> _AIM OF THE TASK_:
Write out every entry exactly as it stands.

********************

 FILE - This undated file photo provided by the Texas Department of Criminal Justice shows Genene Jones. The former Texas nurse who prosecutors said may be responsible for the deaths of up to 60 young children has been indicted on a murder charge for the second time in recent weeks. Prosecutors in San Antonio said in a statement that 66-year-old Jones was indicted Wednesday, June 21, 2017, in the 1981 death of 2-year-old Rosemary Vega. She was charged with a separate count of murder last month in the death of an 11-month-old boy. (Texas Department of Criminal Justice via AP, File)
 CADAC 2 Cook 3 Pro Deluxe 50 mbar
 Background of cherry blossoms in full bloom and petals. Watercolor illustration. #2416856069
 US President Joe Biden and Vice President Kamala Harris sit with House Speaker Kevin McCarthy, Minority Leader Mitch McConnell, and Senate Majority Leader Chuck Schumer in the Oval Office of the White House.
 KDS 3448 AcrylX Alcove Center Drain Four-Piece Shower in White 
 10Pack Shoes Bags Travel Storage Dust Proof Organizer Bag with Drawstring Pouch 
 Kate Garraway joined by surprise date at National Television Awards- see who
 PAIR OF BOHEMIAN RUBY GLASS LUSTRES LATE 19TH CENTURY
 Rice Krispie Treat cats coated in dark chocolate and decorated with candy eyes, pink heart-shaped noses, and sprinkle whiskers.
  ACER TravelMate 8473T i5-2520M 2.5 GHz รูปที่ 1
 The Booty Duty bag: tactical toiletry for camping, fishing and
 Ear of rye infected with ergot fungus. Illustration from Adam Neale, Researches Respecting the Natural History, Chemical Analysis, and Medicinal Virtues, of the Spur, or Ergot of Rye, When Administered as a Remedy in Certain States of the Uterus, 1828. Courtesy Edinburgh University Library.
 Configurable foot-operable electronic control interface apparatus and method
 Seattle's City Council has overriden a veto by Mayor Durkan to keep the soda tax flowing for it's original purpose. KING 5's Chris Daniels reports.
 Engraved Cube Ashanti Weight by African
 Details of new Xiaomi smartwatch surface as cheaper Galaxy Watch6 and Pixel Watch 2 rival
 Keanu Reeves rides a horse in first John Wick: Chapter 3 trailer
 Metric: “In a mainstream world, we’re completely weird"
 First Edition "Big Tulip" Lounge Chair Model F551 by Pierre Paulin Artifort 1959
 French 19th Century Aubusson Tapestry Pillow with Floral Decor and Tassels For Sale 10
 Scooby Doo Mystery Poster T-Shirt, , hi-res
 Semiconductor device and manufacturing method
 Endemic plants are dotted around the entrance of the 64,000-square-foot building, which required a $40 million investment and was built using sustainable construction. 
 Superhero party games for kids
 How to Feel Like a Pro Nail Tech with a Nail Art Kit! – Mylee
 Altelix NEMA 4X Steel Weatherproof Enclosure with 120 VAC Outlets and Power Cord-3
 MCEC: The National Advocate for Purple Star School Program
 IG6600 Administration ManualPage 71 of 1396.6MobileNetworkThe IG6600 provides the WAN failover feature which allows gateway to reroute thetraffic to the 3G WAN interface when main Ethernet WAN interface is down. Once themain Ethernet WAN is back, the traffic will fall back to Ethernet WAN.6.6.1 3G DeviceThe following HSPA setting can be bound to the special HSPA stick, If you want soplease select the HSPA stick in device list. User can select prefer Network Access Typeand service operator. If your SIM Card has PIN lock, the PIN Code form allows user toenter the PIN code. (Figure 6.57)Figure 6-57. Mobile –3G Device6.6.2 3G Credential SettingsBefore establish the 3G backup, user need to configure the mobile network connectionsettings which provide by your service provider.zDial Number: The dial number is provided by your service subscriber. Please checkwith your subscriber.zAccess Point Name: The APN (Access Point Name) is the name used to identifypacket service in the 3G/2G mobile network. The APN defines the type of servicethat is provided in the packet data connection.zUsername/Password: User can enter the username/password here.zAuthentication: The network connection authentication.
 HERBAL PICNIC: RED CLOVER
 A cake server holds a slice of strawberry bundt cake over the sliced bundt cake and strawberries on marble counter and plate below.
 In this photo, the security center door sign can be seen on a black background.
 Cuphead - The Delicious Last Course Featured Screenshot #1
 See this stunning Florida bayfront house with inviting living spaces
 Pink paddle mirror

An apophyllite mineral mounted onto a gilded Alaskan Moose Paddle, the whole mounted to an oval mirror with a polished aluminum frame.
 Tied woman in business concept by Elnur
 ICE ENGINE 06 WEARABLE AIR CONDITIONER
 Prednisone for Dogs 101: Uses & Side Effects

********************

> _ANSWER TO THIS TASK_:
 FILE - This undated file photo provided by the Texas Department of Criminal Justice shows Genene Jones. The former Texas nurse who prosecutors said may be responsible for the deaths of up to 60 young children has been indicted on a murder charge for the second time in recent weeks. Prosecutors in San Antonio said in a statement that 66-year-old Jones was indicted Wednesday, June 21, 2017, in the 1981 death of 2-year-old Rosemary Vega. She was charged with a separate count of murder last month in the death of an 11-month-old boy. (Texas Department of Criminal Justice via AP, File)
 CADAC 2 Cook 3 Pro Deluxe 50 mbar
 Background of cherry blossoms in full bloom and petals. Watercolor illustration. #2416856069
 US President Joe Biden and Vice President Kamala Harris sit with House Speaker Kevin McCarthy, Minority Leader Mitch McConnell, and Senate Majority Leader Chuck Schumer in the Oval Office of the White House.
 KDS 3448 AcrylX Alcove Center Drain Four-Piece Shower in White 
 10Pack Shoes Bags Travel Storage Dust Proof Organizer Bag with Drawstring Pouch 
 Kate Garraway joined by surprise date at National Television Awards- see who
 PAIR OF BOHEMIAN RUBY GLASS LUSTRES LATE 19TH CENTURY
 Rice Krispie Treat cats coated in dark chocolate and decorated with candy eyes, pink heart-shaped noses, and sprinkle whiskers.
  ACER TravelMate 8473T i5-2520M 2.5 GHz รูปที่ 1
 The Booty Duty bag: tactical toiletry for camping, fishing and
 Ear of rye infected with ergot fungus. Illustration from Adam Neale, Researches Respecting the Natural History, Chemical Analysis, and Medicinal Virtues, of the Spur, or Ergot of Rye, When Administered as a Remedy in Certain States of the Uterus, 1828. Courtesy Edinburgh University Library.
 Configurable foot-operable electronic control interface apparatus and method
 Seattle's City Council has overriden a veto by Mayor Durkan to keep the soda tax flowing for it's original purpose. KING 5's Chris Daniels reports.
 Engraved Cube Ashanti Weight by African
 Details of new Xiaomi smartwatch surface as cheaper Galaxy Watch6 and Pixel Watch 2 rival
 Keanu Reeves rides a horse in first John Wick: Chapter 3 trailer
 Metric: “In a mainstream world, we’re completely weird"
 First Edition "Big Tulip" Lounge Chair Model F551 by Pierre Paulin Artifort 1959
 French 19th Century Aubusson Tapestry Pillow with Floral Decor and Tassels For Sale 10
 Scooby Doo Mystery Poster T-Shirt, , hi-res
 Semiconductor device and manufacturing method
 Endemic plants are dotted around the entrance of the 64,000-square-foot building, which required a $40 million investment and was built using sustainable construction. 
 Superhero party games for kids
 How to Feel Like a Pro Nail Tech with a Nail Art Kit! – Mylee
 Altelix NEMA 4X Steel Weatherproof Enclosure with 120 VAC Outlets and Power Cord-3
 MCEC: The National Advocate for Purple Star School Program
 IG6600 Administration ManualPage 71 of 1396.6MobileNetworkThe IG6600 provides the WAN failover feature which allows gateway to reroute thetraffic to the 3G WAN interface when main Ethernet WAN interface is down. Once themain Ethernet WAN is back, the traffic will fall back to Ethernet WAN.6.6.1 3G DeviceThe following HSPA setting can be bound to the special HSPA stick, If you want soplease select the HSPA stick in device list. User can select prefer Network Access Typeand service operator. If your SIM Card has PIN lock, the PIN Code form allows user toenter the PIN code. (Figure 6.57)Figure 6-57. Mobile –3G Device6.6.2 3G Credential SettingsBefore establish the 3G backup, user need to configure the mobile network connectionsettings which provide by your service provider.zDial Number: The dial number is provided by your service subscriber. Please checkwith your subscriber.zAccess Point Name: The APN (Access Point Name) is the name used to identifypacket service in the 3G/2G mobile network. The APN defines the type of servicethat is provided in the packet data connection.zUsername/Password: User can enter the username/password here.zAuthentication: The network connection authentication.
 HERBAL PICNIC: RED CLOVER
 A cake server holds a slice of strawberry bundt cake over the sliced bundt cake and strawberries on marble counter and plate below.
 In this photo, the security center door sign can be seen on a black background.
 Cuphead - The Delicious Last Course Featured Screenshot #1
 See this stunning Florida bayfront house with inviting living spaces
 Pink paddle mirror

An apophyllite mineral mounted onto a gilded Alaskan Moose Paddle, the whole mounted to an oval mirror with a polished aluminum frame.
 Tied woman in business concept by Elnur
 ICE ENGINE 06 WEARABLE AIR CONDITIONER
 Prednisone for Dogs 101: Uses & Side Effects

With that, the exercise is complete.